Take the records below and set down exactly the lines from the one with "1980 Yamaha TZ500 test 03.jpg" to the one with "Small Crop Of Corner Shelf Hanging", ends included; do not copy the pictures.

BEGIN INPUT DATA

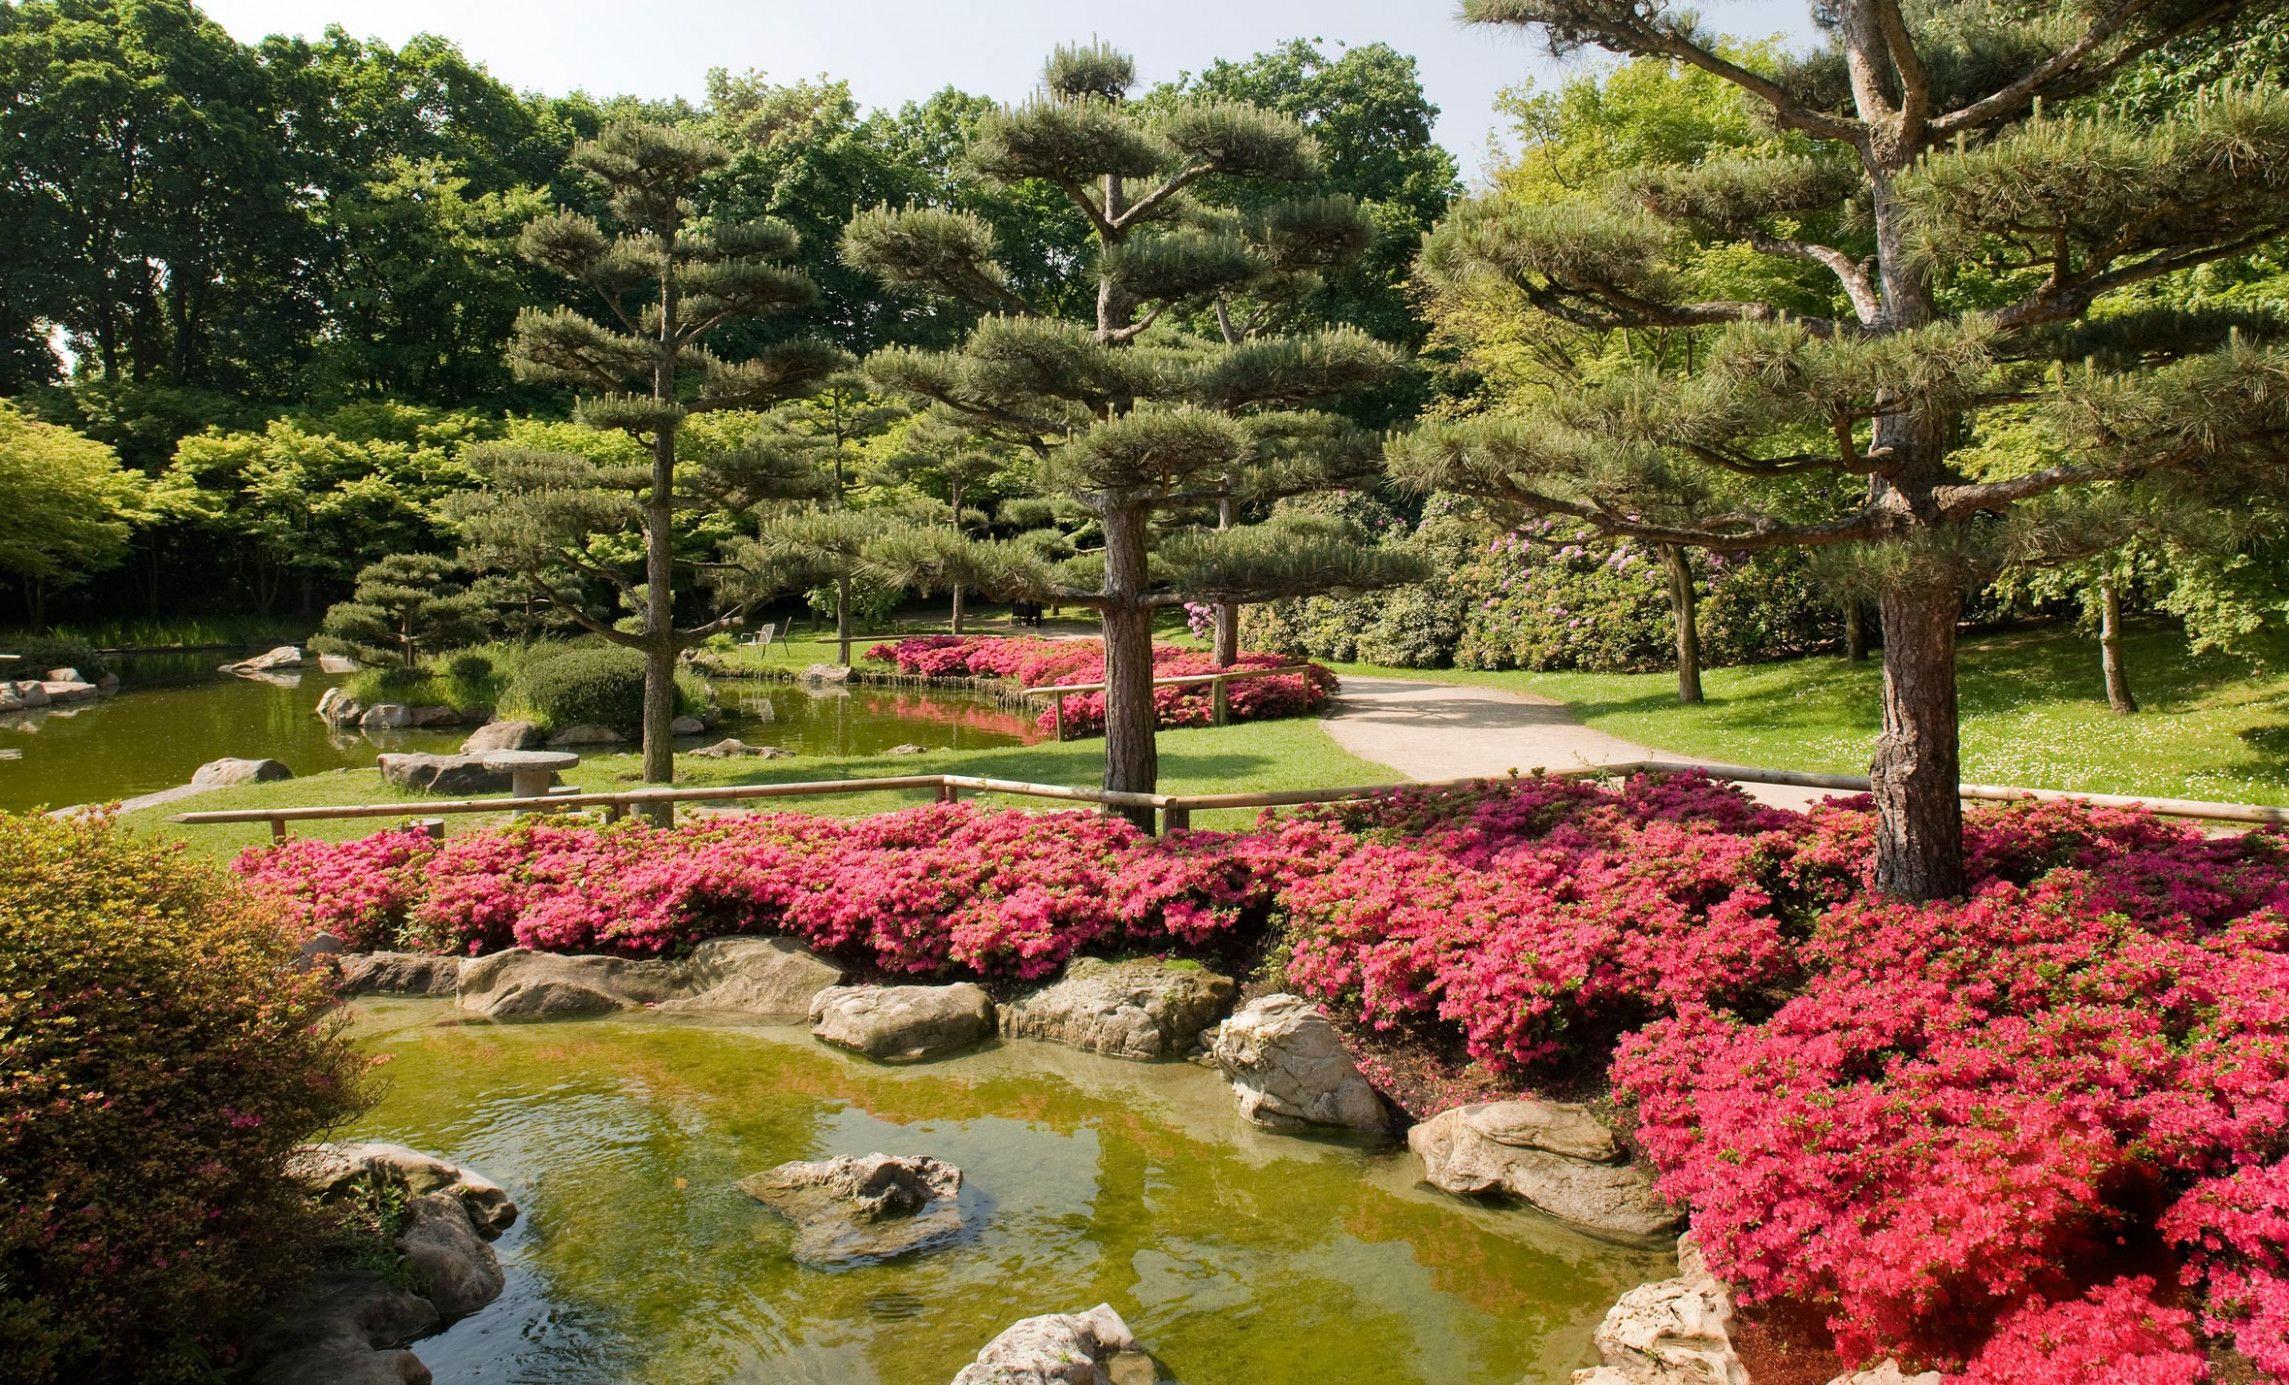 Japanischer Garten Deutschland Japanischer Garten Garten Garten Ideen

END INPUT DATA
BEGIN INPUT DATA

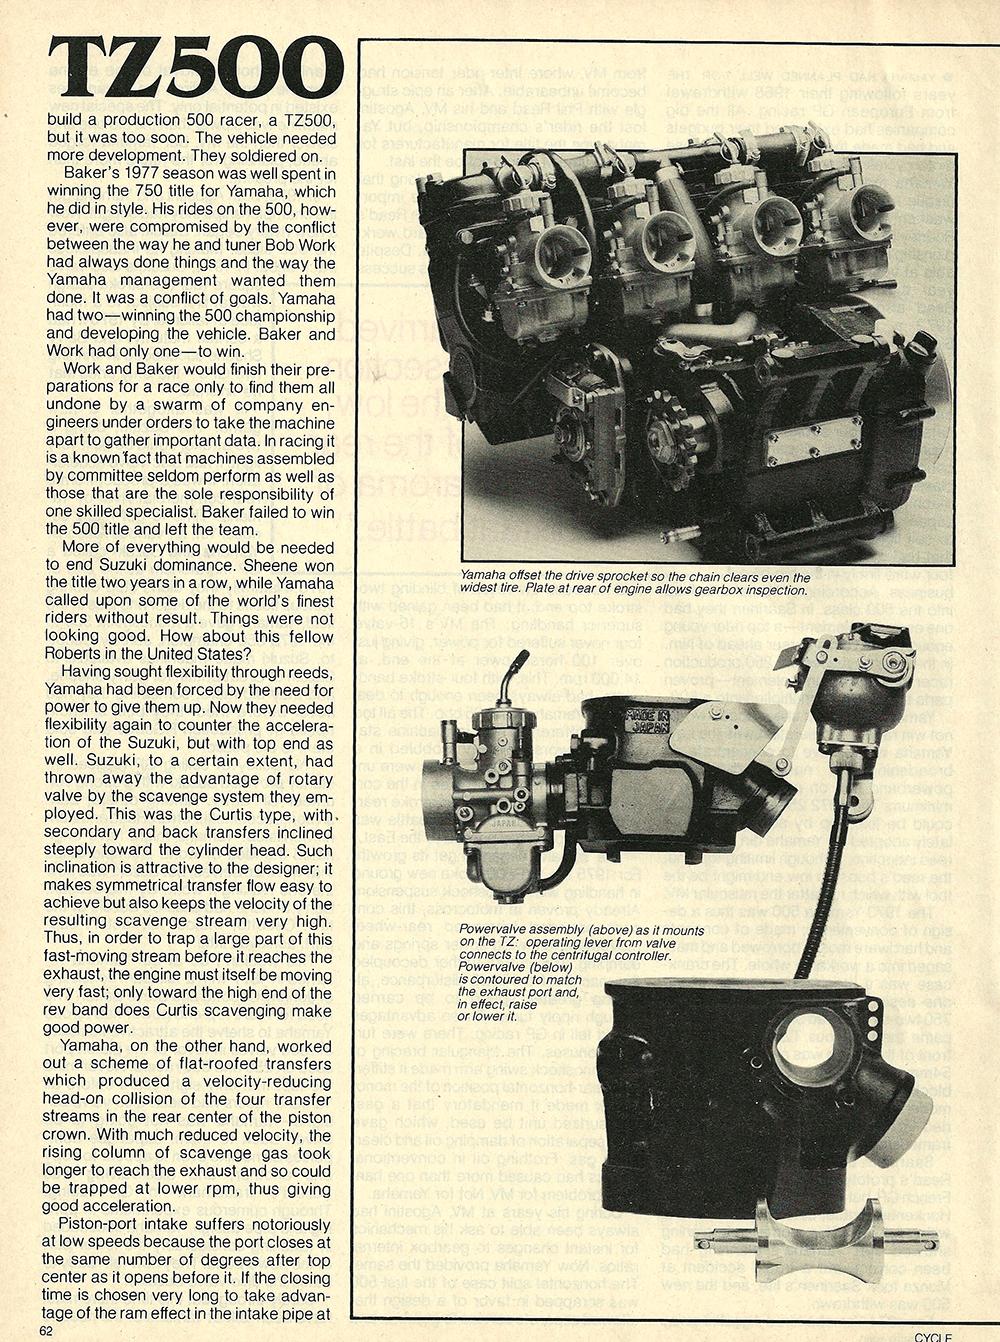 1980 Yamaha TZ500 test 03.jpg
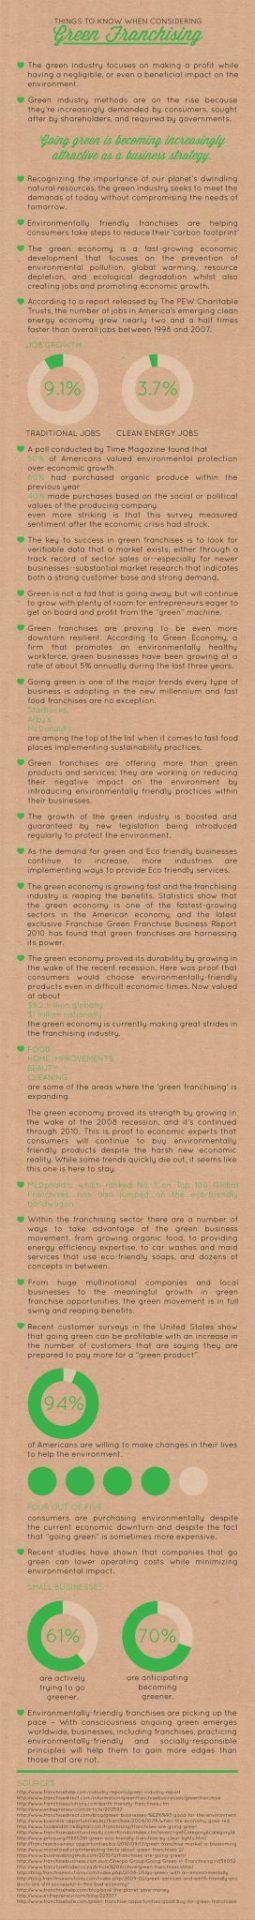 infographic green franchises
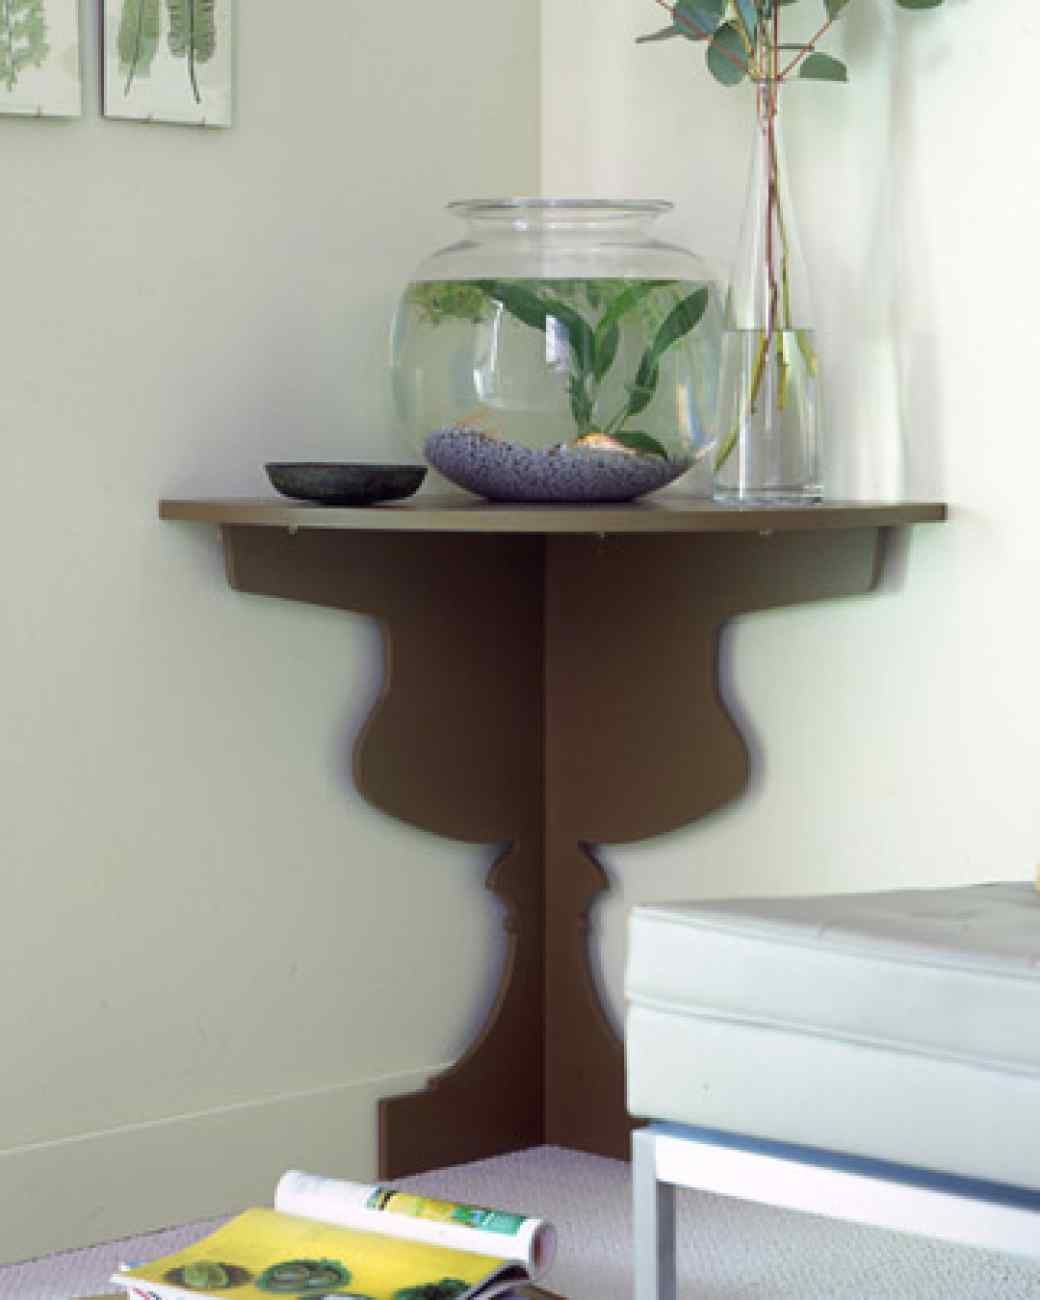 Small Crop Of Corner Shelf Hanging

END INPUT DATA
BEGIN INPUT DATA

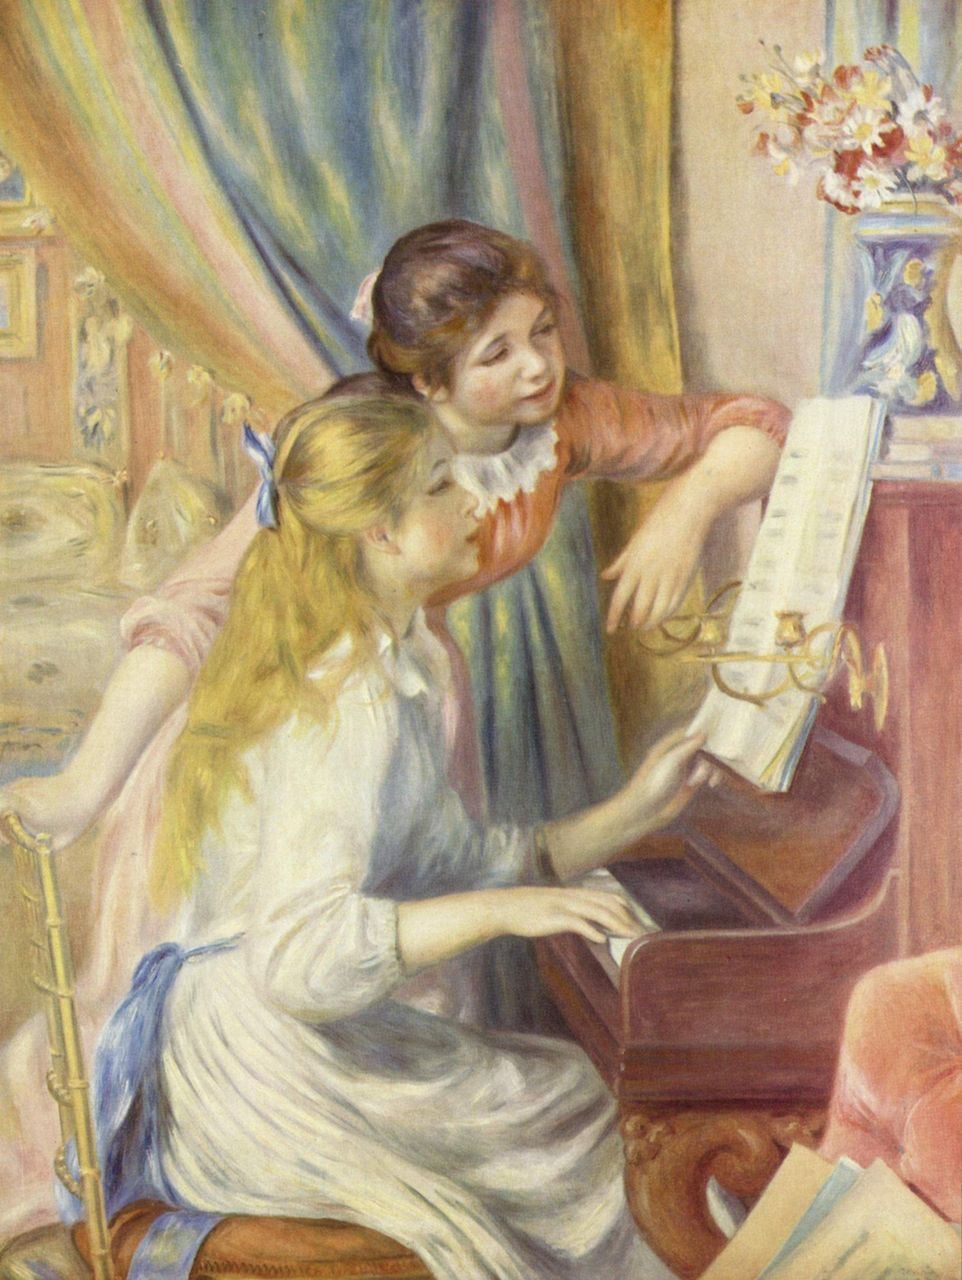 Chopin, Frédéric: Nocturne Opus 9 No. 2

END INPUT DATA

_ANSWER TO THE PROBLEM_:
 1980 Yamaha TZ500 test 03.jpg
 infographic green franchises
 Small Crop Of Corner Shelf Hanging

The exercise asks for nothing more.